On KMS side i see key with name Opaque Object and type OPAQUE
When i try create another secret

openstack secret store --name testSecret5 --payload 'TestPayload'
5xx Server error: Internal Server Error: Secret creation failure seen - please contact site administrator.

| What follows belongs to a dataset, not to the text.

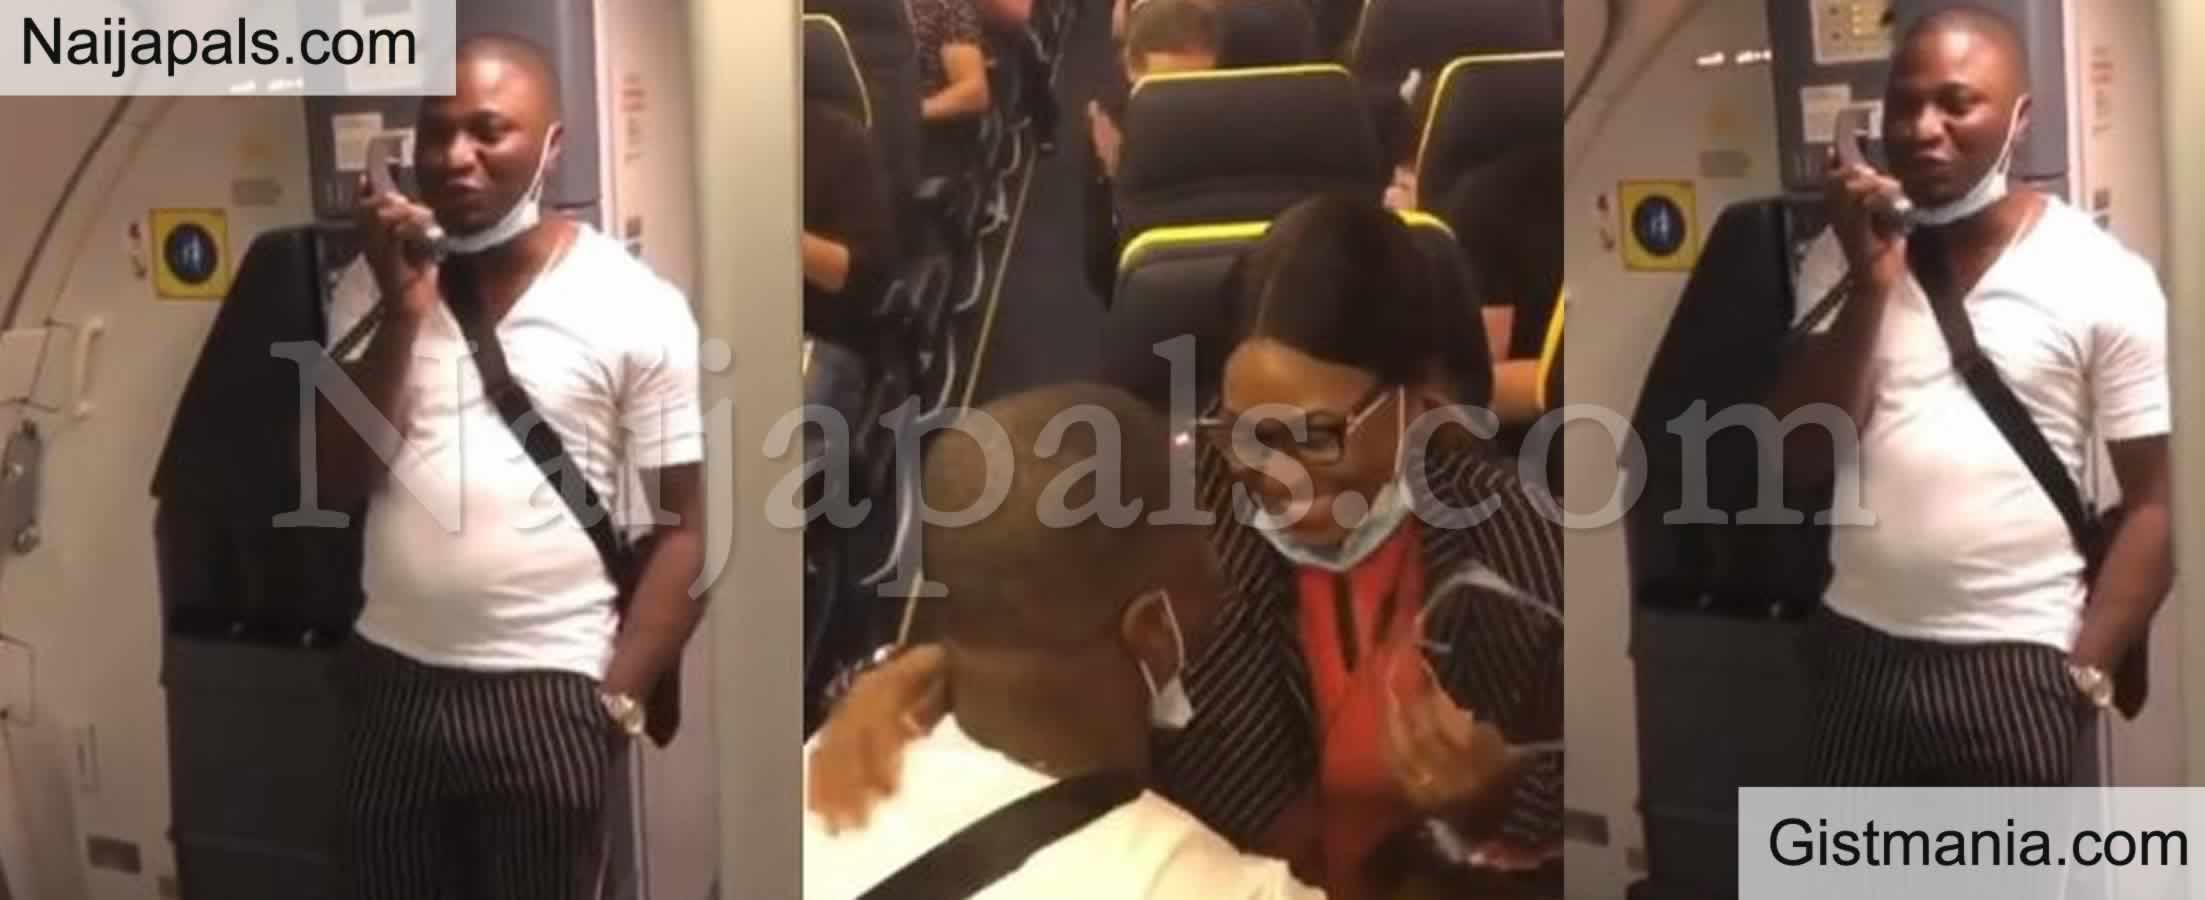 <img alt='.' class='lazyload' data-src='https://img.gistmania.com/emot/video.gif' /> <b>Romantic Moment A Nigerian Man Proposed To His Girlfriend Onboard An International Flight</b> (VID)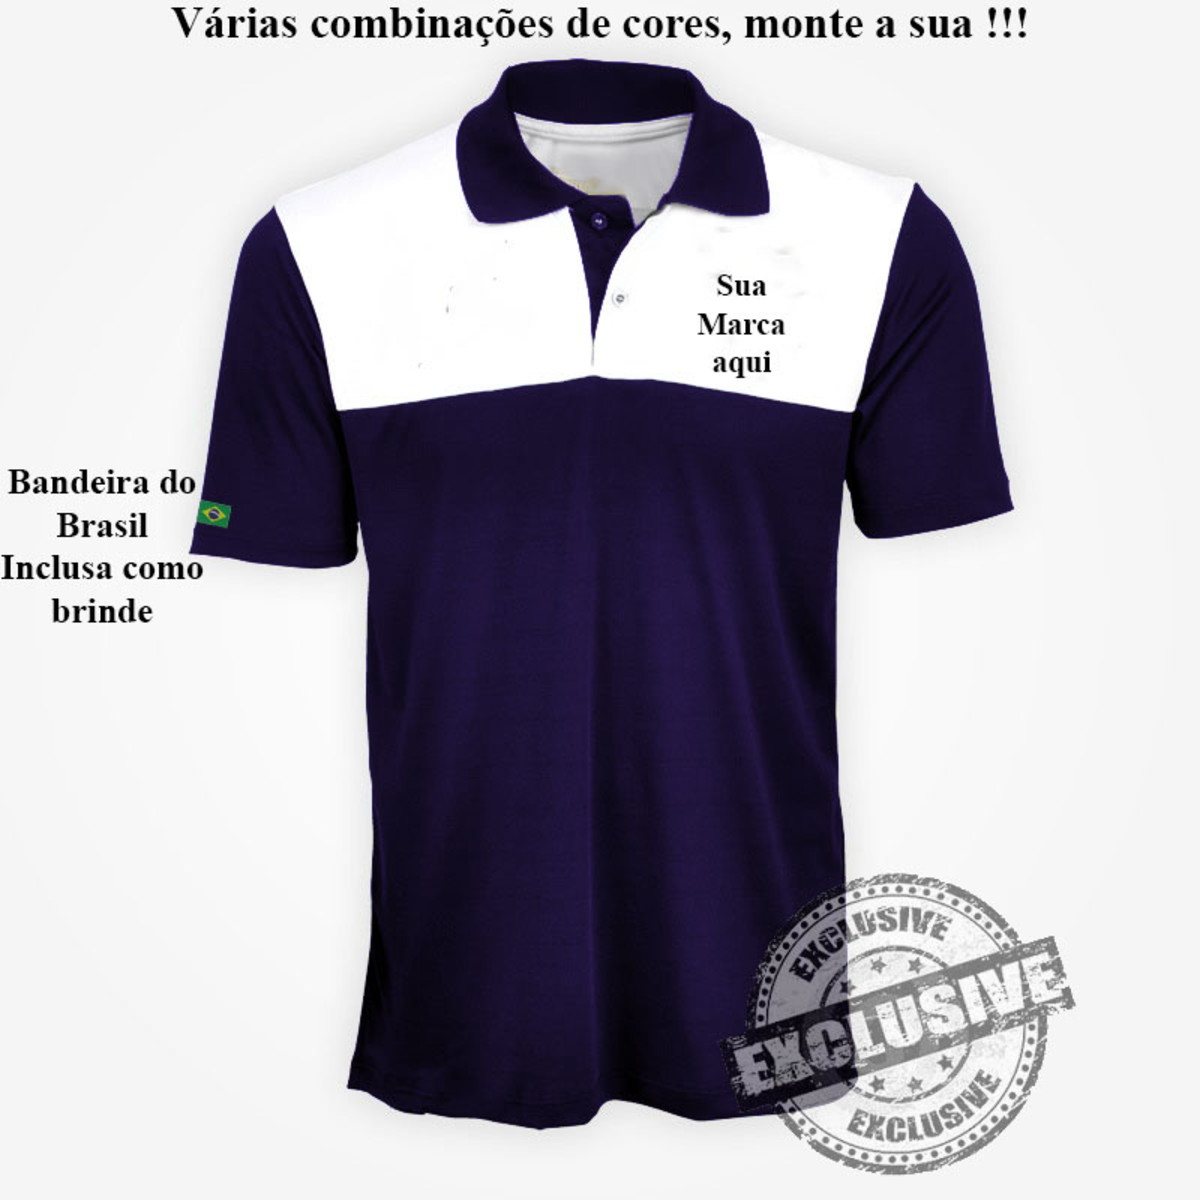 b732384666 Camisa Camiseta pólo uniformes profissionais kit c  4 pçs no Elo7 ...

Internal Server Error: Secret creation failure seen - please contact site administrator

2023-08-31 10:12:22.282 DEBUG barbican.plugin.kmip_secret_store [req-c5184cb4-23f7-4bd5-a6a6-4b637cdb5ba0 demo admin] Opened connection to KMIP client from (pid=484511) store_secret /opt/stack/barbican/barbican/plugin/kmip_secret_store.py:373
2023-08-31 10:12:22.394 ERROR barbican.plugin.kmip_secret_store [req-c5184cb4-23f7-4bd5-a6a6-4b637cdb5ba0 demo admin] Error opening or writing to client: kmip.pie.exceptions.KmipOperationFailure: OPERATION_FAILED: INVALID_FIELD - [NCERRKeyAlreadyExists: could not create key as it already exists]:
2023-08-31 10:12:22.394 TRACE barbican.plugin.kmip_secret_store Traceback (most recent call last):
2023-08-31 10:12:22.394 TRACE barbican.plugin.kmip_secret_store File "/opt/stack/barbican/barbican/plugin/kmip_secret_store.py", line 374, in store_secret
2023-08-31 10:12:22.394 TRACE barbican.plugin.kmip_secret_store uuid = self.client.register(secret)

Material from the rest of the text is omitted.